These numbers are very surprising to me.

On desktop, Load time is significantly down, despite the number of bytes shipped being higher; Start render is improved but only on Chrome, and Visually complete and SpeedIndex are both improved too.

On mobile, Load time is significantly up (far more than I expected), but Start render and SpeedIndex are essentially flat, and Visually complete is much better(?) on 2G.

I'm lost. :-)

Ok, did a re-run again without the debug header. Again taking the median of 31 runs for SpeedIndex.

Taking the best run rather than the median run would be better, because the best run is the one that is least influenced by environmental noise.

You can take the fastest by adding ?medianRun=fastest&medianMetric=SpeedIndex to the run. So we sorted by the median of SpeedIndex so the other metrics are not the median, making difference in % isn't right. When we take the median for SpeedIndex, thats the only metric we should compare, sorry for including the rest.

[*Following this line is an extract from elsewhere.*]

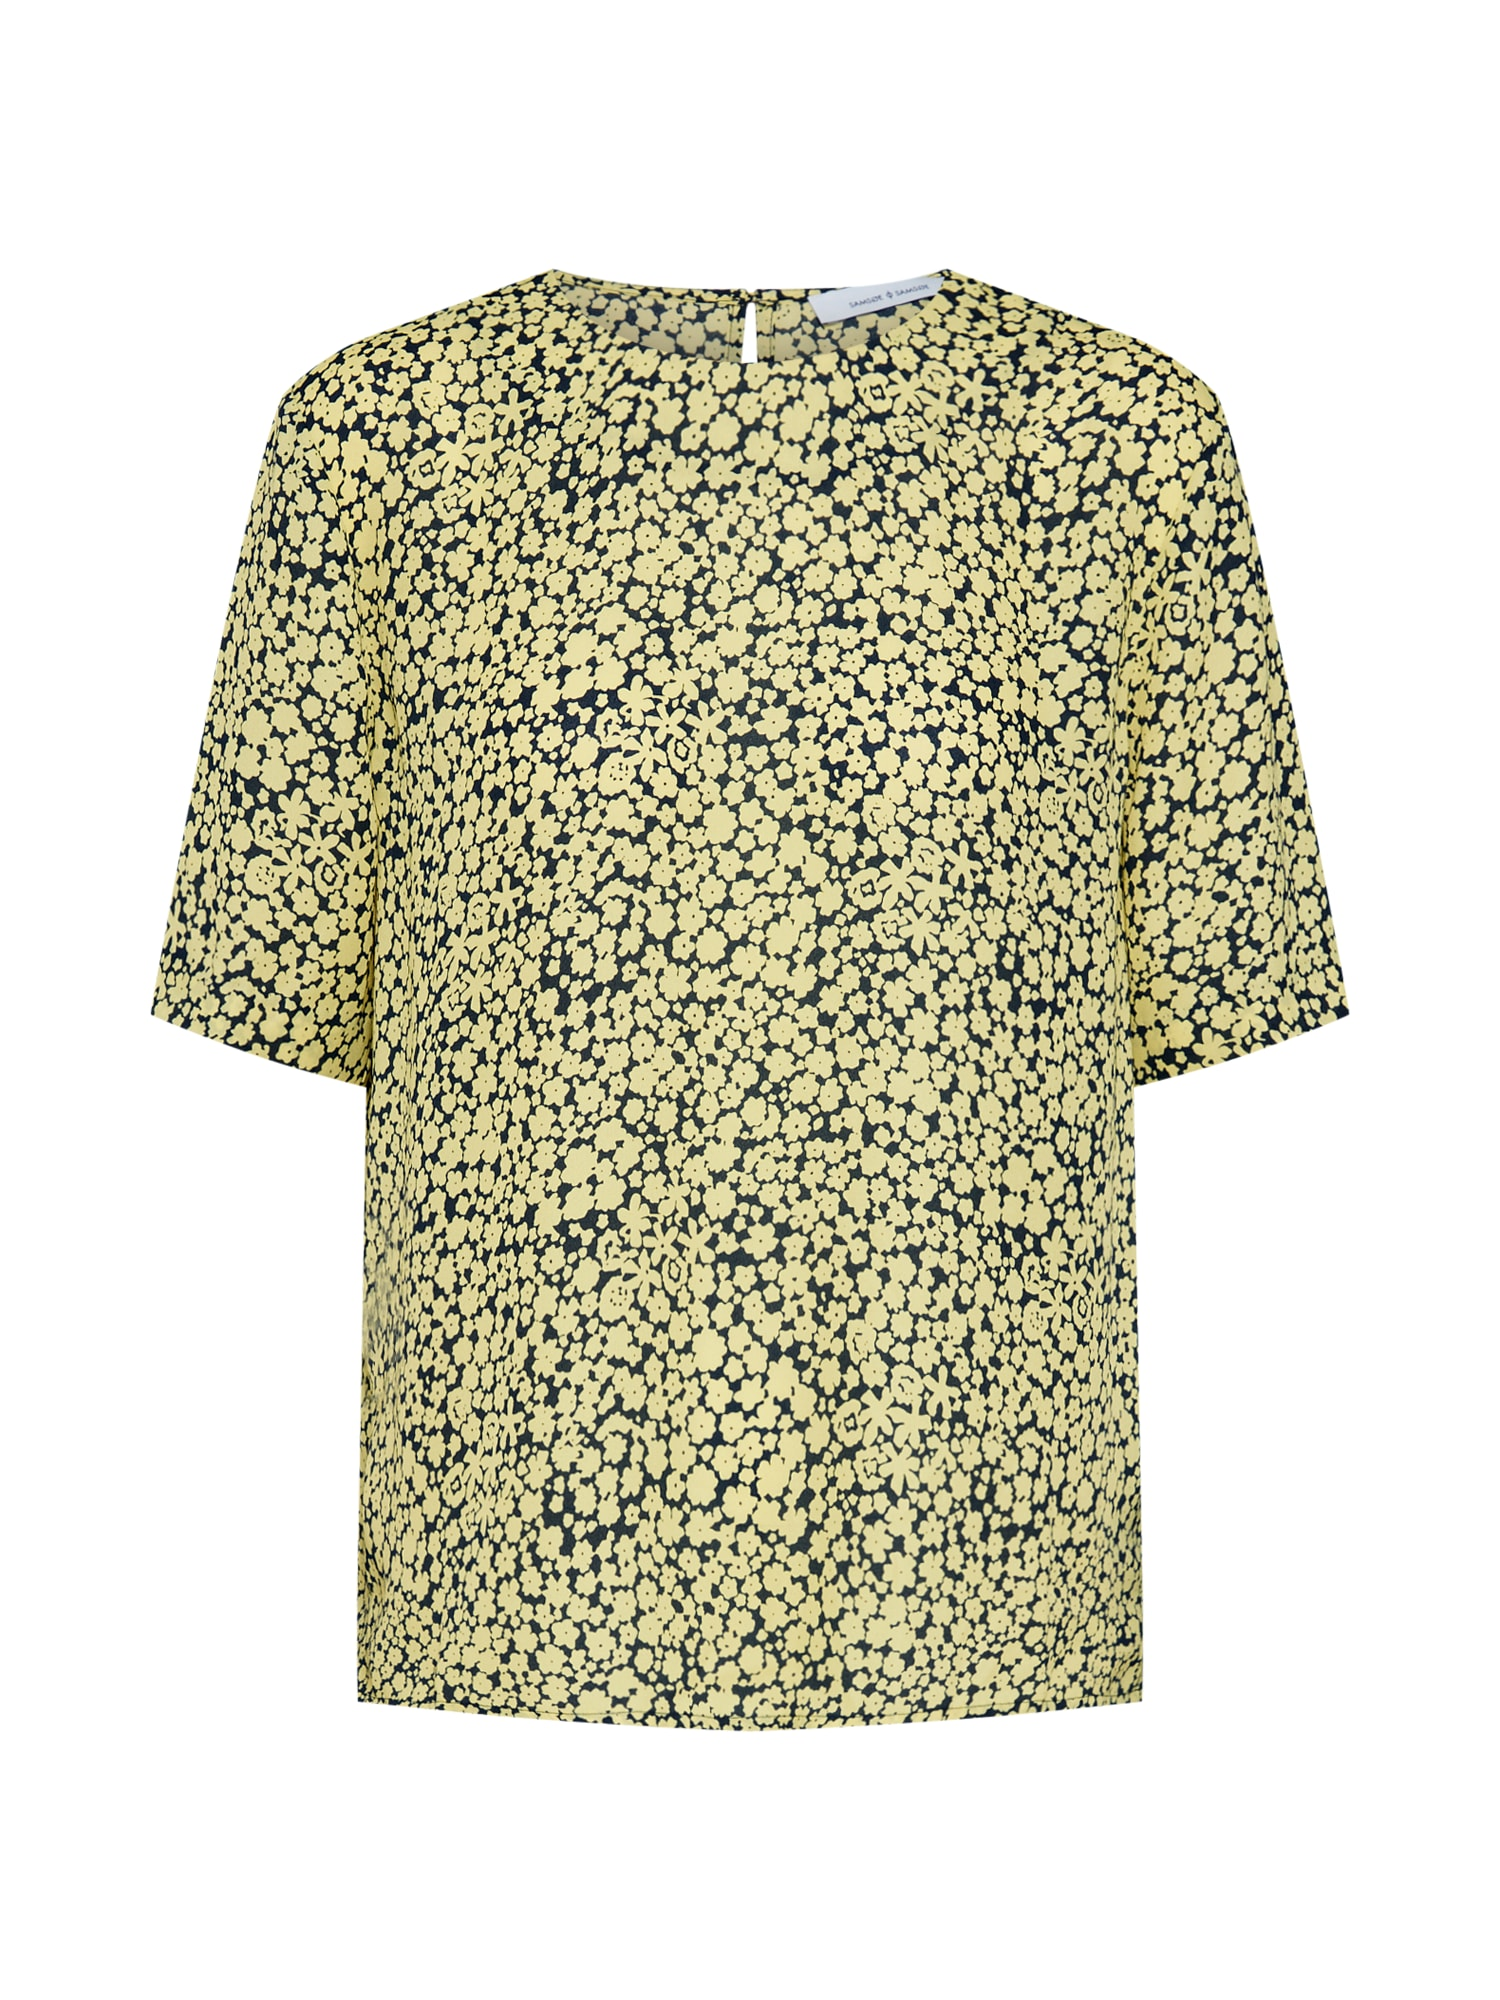 Tričko Amabel žlutá černá Samsoe & Samsoe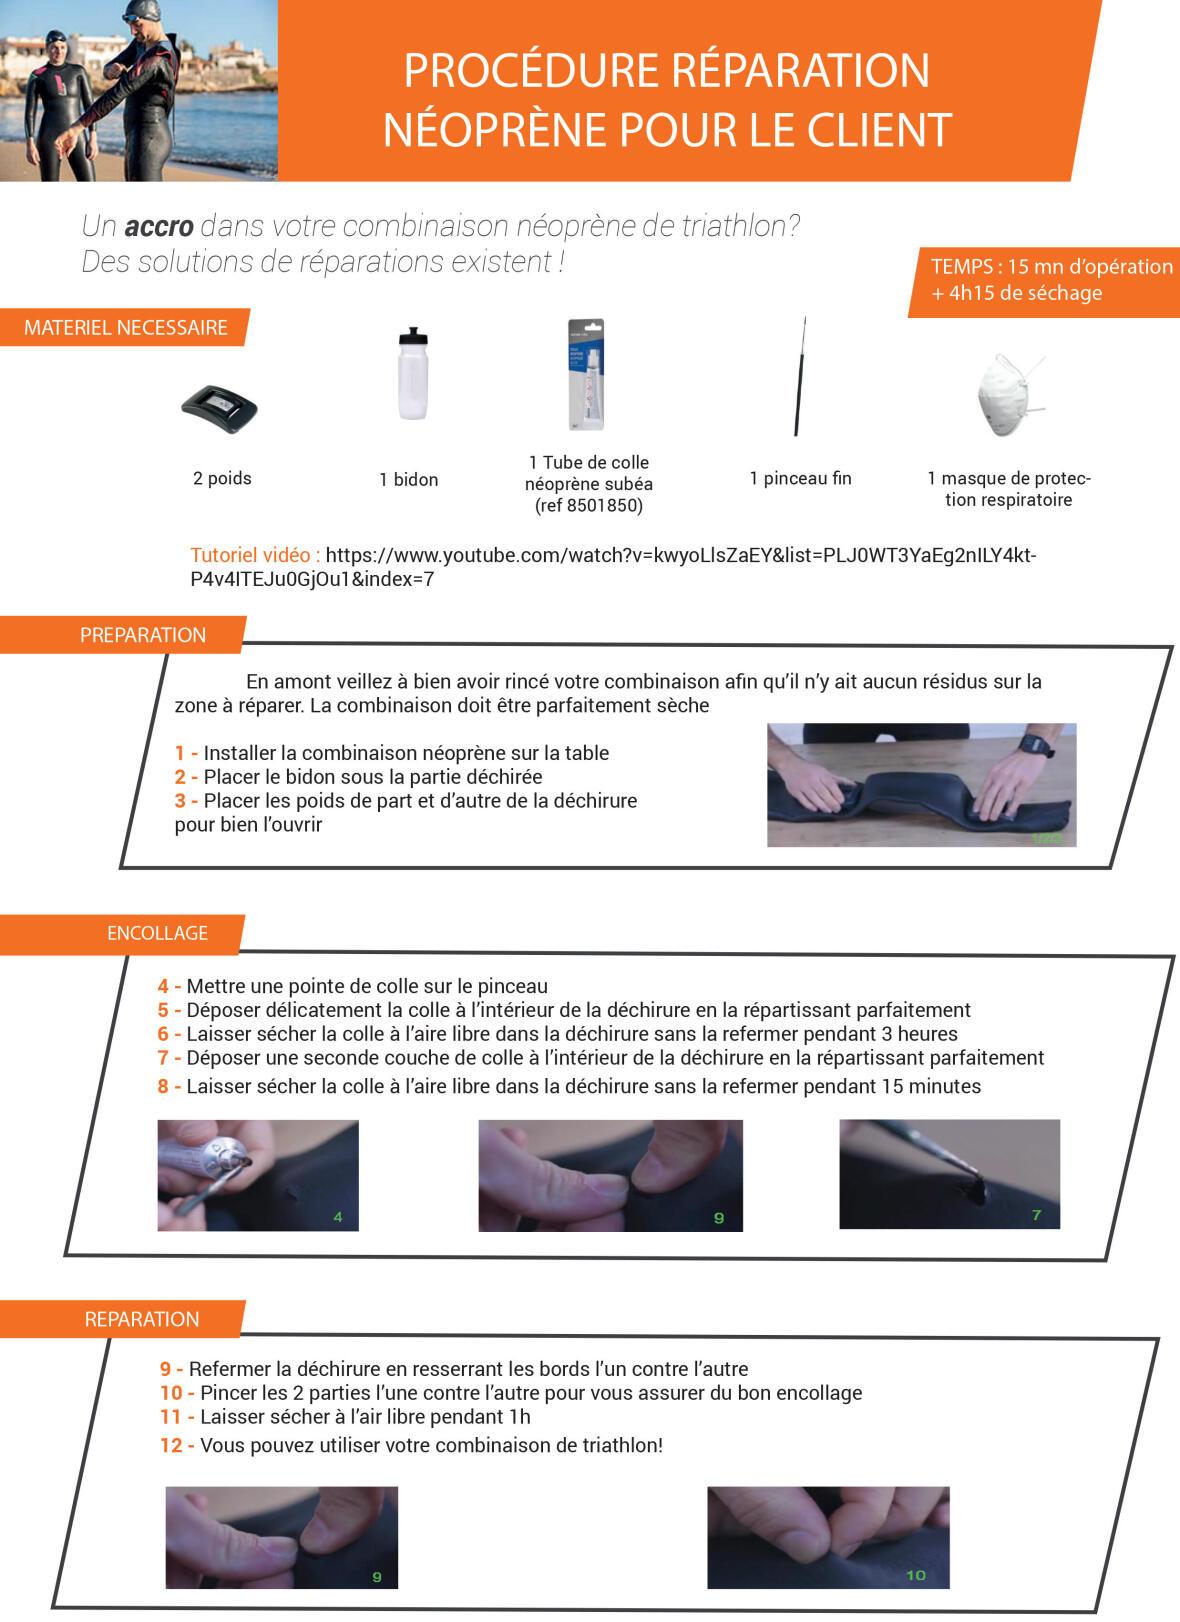 procedure-reparabilite-neoprene

Lets make list of the fastest start render & Speed Index. However I think using fastest is not right, some metrics are reported wrong checkout:
http://wpt.wmftest.org/result/160218_RX_BS/15/details/

Start rendering is at 0.125 s but checking the screenshots for the run it really happens at 3.7 s.

Did a new run since it so easy using WPT Bulk tester. Running 51 times on each URL, taking the median start rendering time, Making so many runs _should_ filter out the noise or?

One other thing that looks wrong in some tests is that the first byte is extremely fast, hitting 0.051s sometimes.

51 runs focusing on median SpeedIndex looks better

Lets tests it even more.

I've created an issue for WebPageTest https://github.com/WPO-Foundation/webpagetest/issues/566

Seems it happens only for Chrome & cable, but it happens so often that our values gets screwed :(

Ok, got it confirmed that it's not working correctly in Chrome/WPT:

"The issue is coming from Chrome's dev tools reporting of the timings and it looks like it is missing the start of the request (including socket and DNS) for some reason. The real fix is for me to move away from using dev tools for the timings for HTTPS requests and I'm really close to having that working (though then it will be like Firefox and SPDY will be an issue)."

https://github.com/WPO-Foundation/webpagetest/issues/566

Nothing more todo here right.